We turned out our first big project despite not really knowing what we were doing and it performed well under peak traffic for our business. It was, by all accounts, a success and a great achievement for the team who built it in a ridiculously short timescale, but for me both personally and professionally it felt overly complex and cumbersome. Ultimately we’d made the switch to .NET but I couldn’t really see what we’d gained.


We had all the component parts of a good project. According to the book we had done it “right”. But I was increasingly becoming frustrated by my attempts to constrain the project to these ideals. I found myself refusing to make changes to the project that we would otherwise have accommodated on the old site. Adding new sections or modifying existing behavior became major undertakings (I work in a very reactive industry, completely changing the behavior of one page several times a day is not uncommon). Basically, our old spaghetti code ASP site was far easier to hack on a daily basis.

As a developer this was quite difficult to take. I’d taken this route as progress and it had completely failed. Sure, the app well worked but it was a maintenance nightmare. I’d became more hung up on whether my linq2sql implementation was a true repository, or on created a ‘service’ layer that was basically just a pass-through of the repo that I’d completely lost my sense of direction. On paper it was perfect. In reality is was a miracle it built when you hit F5.

How could this be..

The short version, I f*cked it up. The not much longer version, Ideals are just that, aspire to them by all means but don’t let them rule your life. I attributed the failure of the project to my own perceived lack of ability rather than the real scenario which was that we’d failed to plan for our uber-reactive change needs in the design.
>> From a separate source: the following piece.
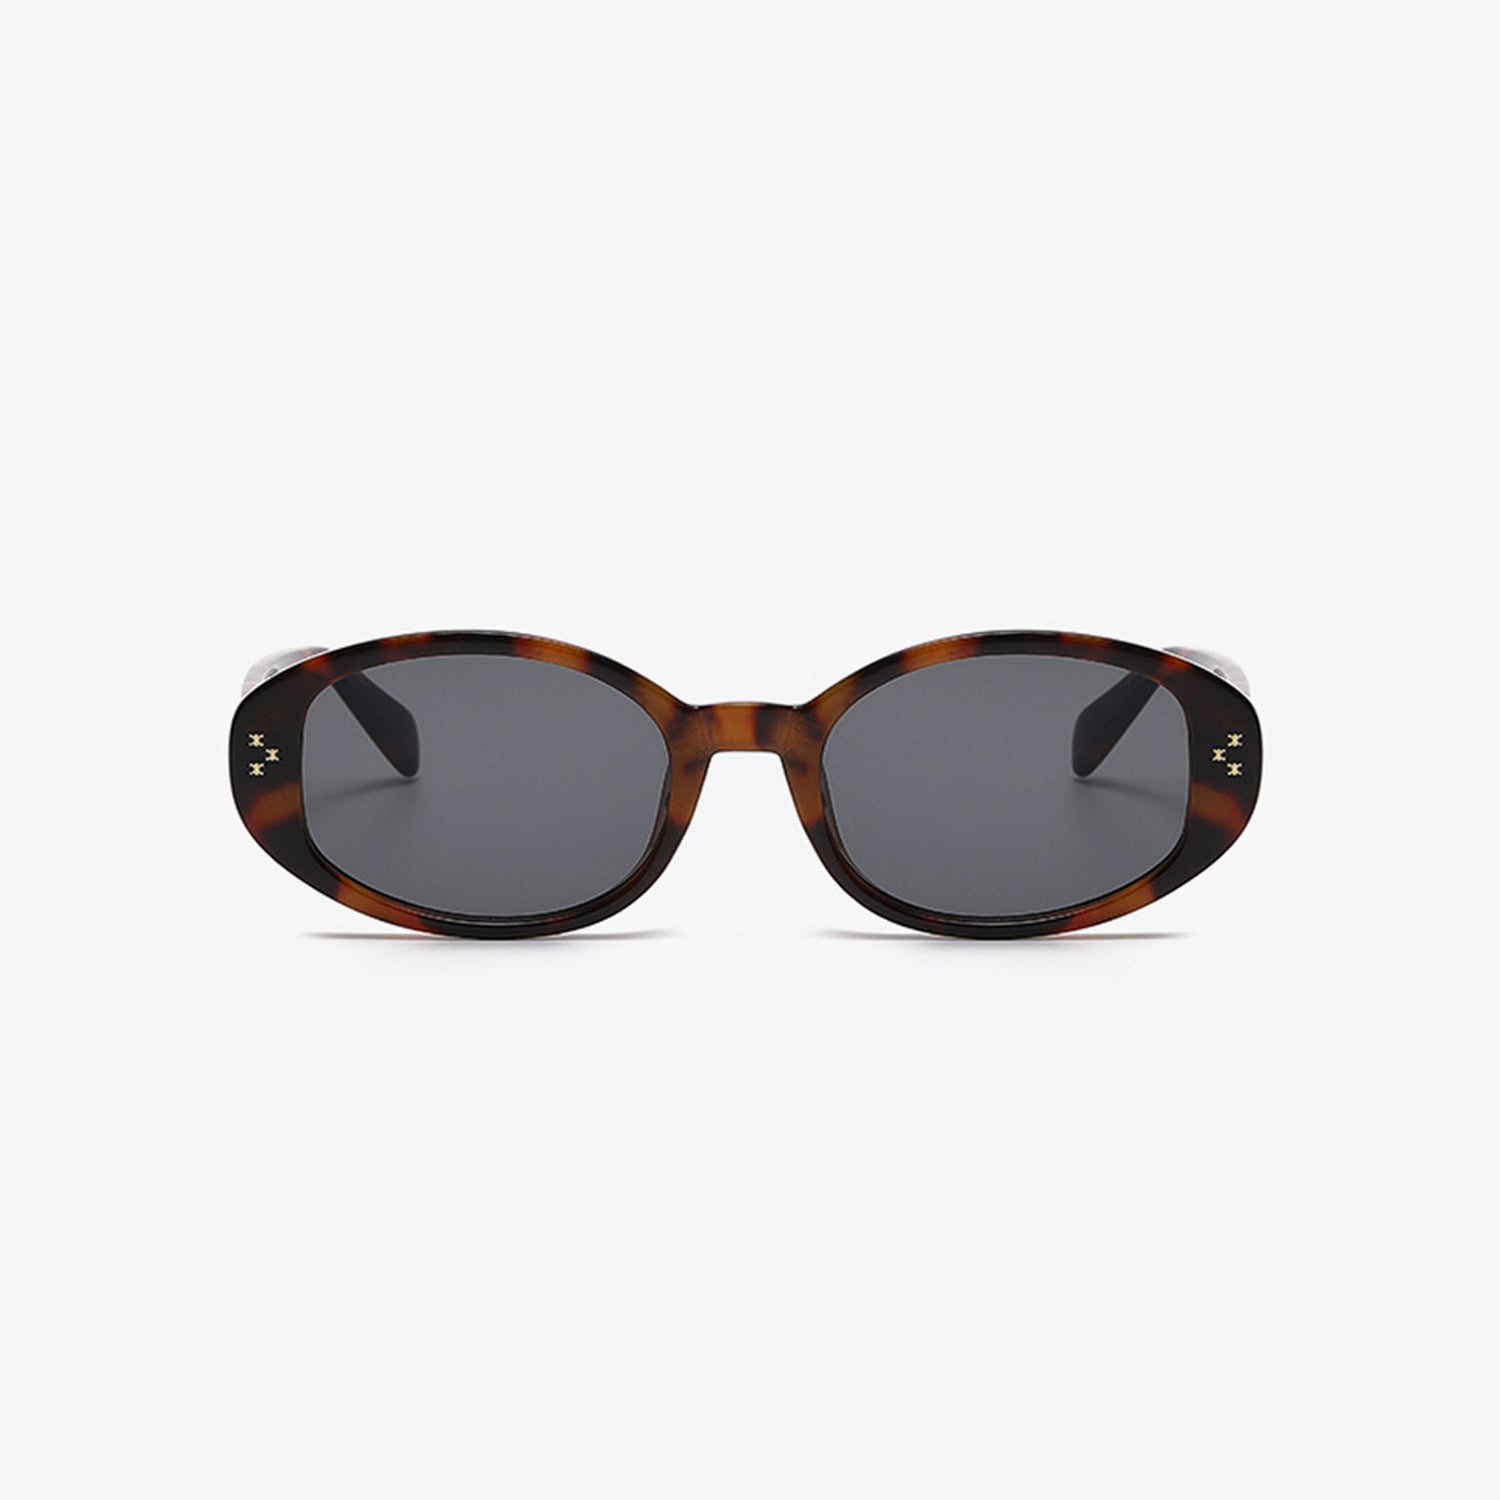 TEEK - Styled Oval Frame Oval Sunglasses EYEGLASSES TEEK Trend

The project mentioned above was almost 3 years ago. I’ve built countless MVC apps since, each slightly better than the last. I’ve gradually started to introduce some design methodologies into my projects (repository/activerecord data access, sensible separation of projects) but don’t let them rule my initial approach. I still aspire to my previous ideals but I’ve also accepted that my opinion counts as well. Do what works for you. Read and research everything, experiment with new approaches but ultimately make your own decision.